Fig. 21 presents a view looking down at one or more of the transducers of fig. 13-20. It can be seen that the outer perimeter of the weights and/or springs and/or the entire transducer, lying in a plane taken perpendicular to the radial direction of the transducer (perpendicular to axis 1399), is at least about circular. Fig. 21 depicts a circular shape. This is in contrast to, for example, the transducer of fig. 6A, which has a racetrack shape as seen in fig. 12A. In an exemplary embodiment, with continued reference to fig. 21, where D1 and D2 are measured 90 ° offset from each other about longitudinal axis 1399, D1 may be 0.75, 0.8, 0.85, 0.9, 0.95, 1, 1.05, 1.1, 1.15, 1.2, 1.25 times or any value or range of values therebetween in 0.01 increments (e.g., 0.83, 1.11, 0.87 to 0.122). Where D1 and D2 are the outer diameters on a given plane. It should be noted that the value of D1 described above may also be used for other distances measured at other angles to the position at which D2 is measured, in addition to that shown in fig. 21. For example, D1 may be measured at 5, 10, 15, 20, 25, 30, 35, 40, 45, 50, 55, 60, 65, 70, 75, 80, and/or 85 degrees from the position at which D2 is measured, and D1 may have the above-described values at any one or more of those angles.

Exemplary embodiments enable the spring tension and/or geometry of the spring to be adjusted to change the resonant frequency of the transducer after the transducer has been manufactured and/or after the spring is coupled to the counterweight. With respect to the former, there may be practical value with respect to enabling adjustment to adjust the resonant frequency for changing ambient/environmental conditions or otherwise compensating for changes in the overall transducer that may occur over the lifetime of the transducer. With respect to the latter, this may enable tuning during the manufacturing process and/or may enable tuning such that the resulting transducer has a given function for a given intended use in one product versus another product. Of course, embodiments include methods that include performing one or more of these adjustment actions.

Fig. 23 presents an exemplary conceptual arrangement in which weight 2210 is clamped by springs 2257 and 2256. The attachment of the spring may be any of the attachments disclosed herein. In this regard, this embodiment does not necessarily require the attachment means described in detail above with respect to fig. 13-20. Fig. 23 presents a threaded rod 2277 to which two thin nuts 2288 are attached. The nut 2288 may be tightened or loosened, thus changing (or one nut may be tightened or loosened, depending on the arrangement), which causes an increase or decrease in the tension on the spring.

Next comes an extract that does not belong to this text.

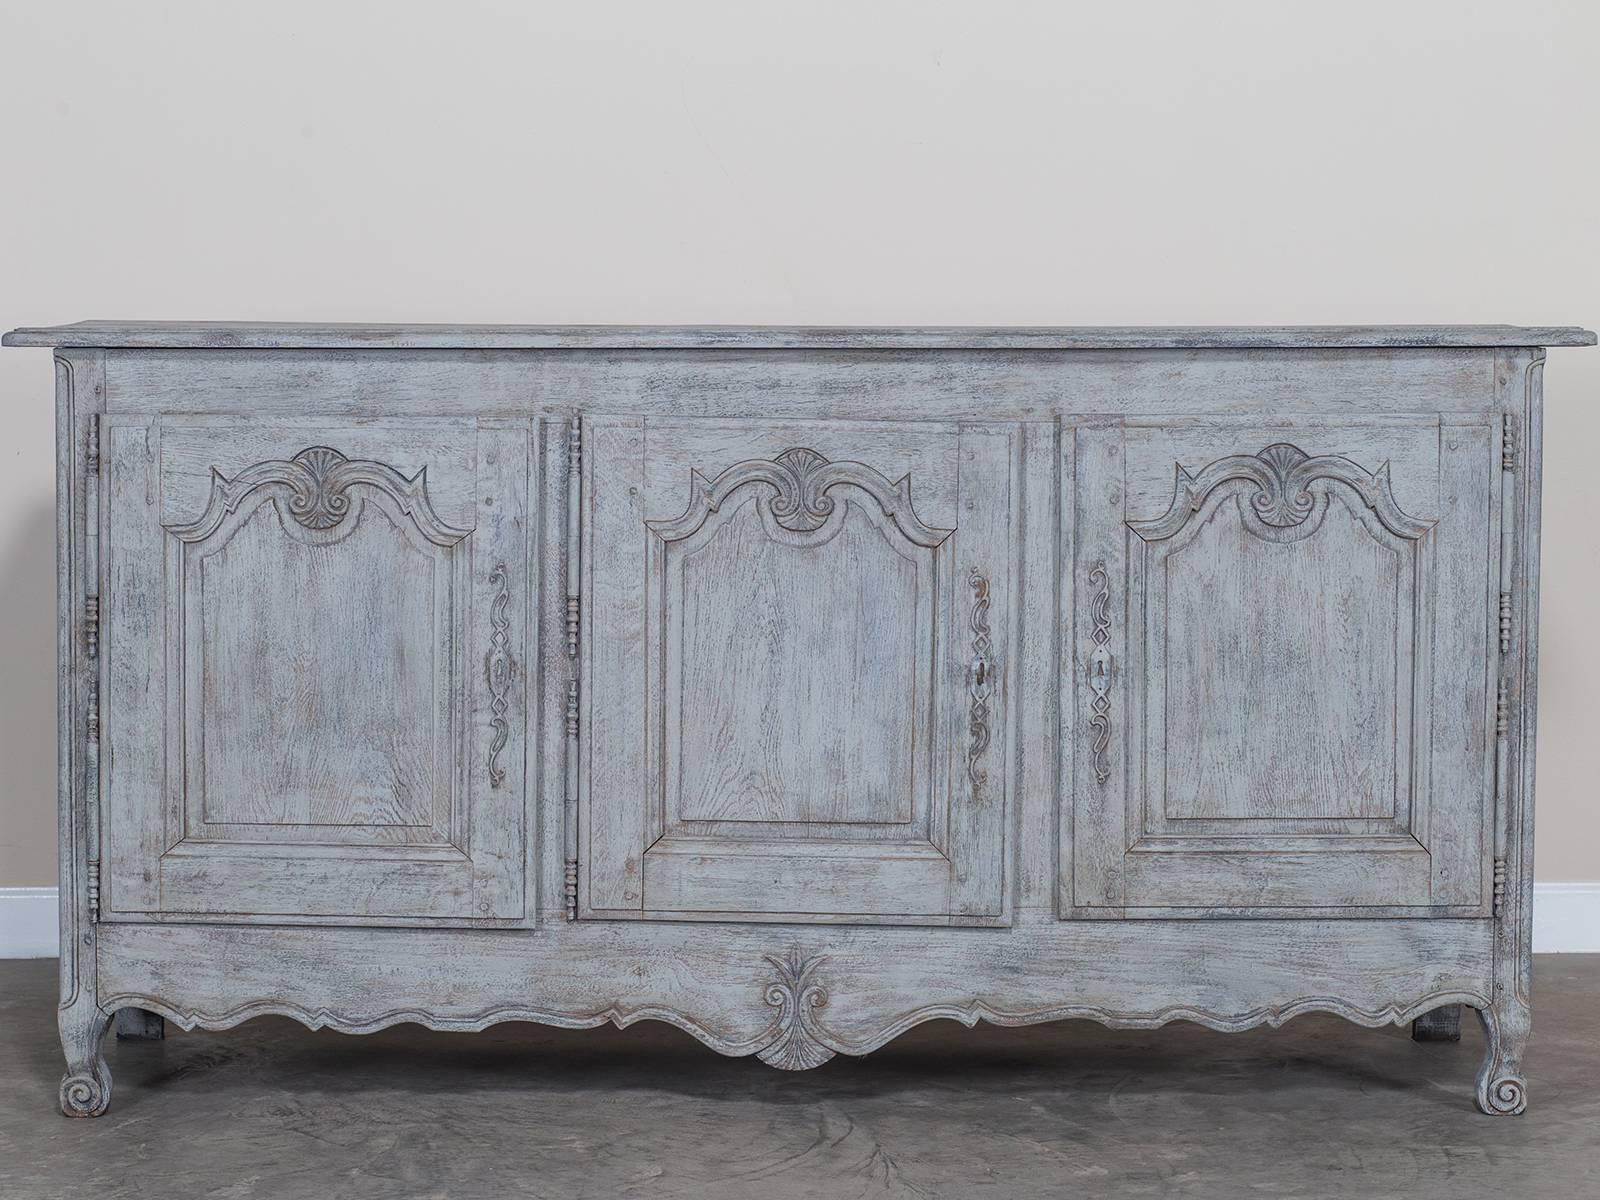 Receive our new selections direct from 1stdibs by email each week. Please click Follow Dealer below and see them first!

A large antique French Louis XV style painted oak buffet/enfilade having three-door and drawers, circa 1850.

This may cause a change in the resonant frequency.

The embodiment shown in fig. 23 depicts a multi-contoured spring (contoured beyond the gland portion of the end) as seen in the figure. In an exemplary embodiment, the spring may be a flat spring. That is, the concepts associated with adjusting the resonant frequency may be applied to both contoured springs and flat springs.

Any feature of any embodiment herein may be combined with or otherwise present with any other feature of any other embodiment, unless specified or not allowed otherwise. Any feature disclosed herein may be specifically excluded from any embodiment, and from a combination with any other embodiment, unless stated otherwise or not allowed otherwise. Any disclosure of any manufacturing process herein corresponds to a disclosure of a resulting apparatus made from the manufacturing process. Any disclosure of an apparatus or device herein corresponds to a disclosure of manufacturing the apparatus or device. Any disclosure of a method herein corresponds to a disclosure of an apparatus and/or system for performing the method. Any disclosure herein of an apparatus and/or system disclosed herein corresponds to a disclosure of a method of utilizing the system to achieve its functionality.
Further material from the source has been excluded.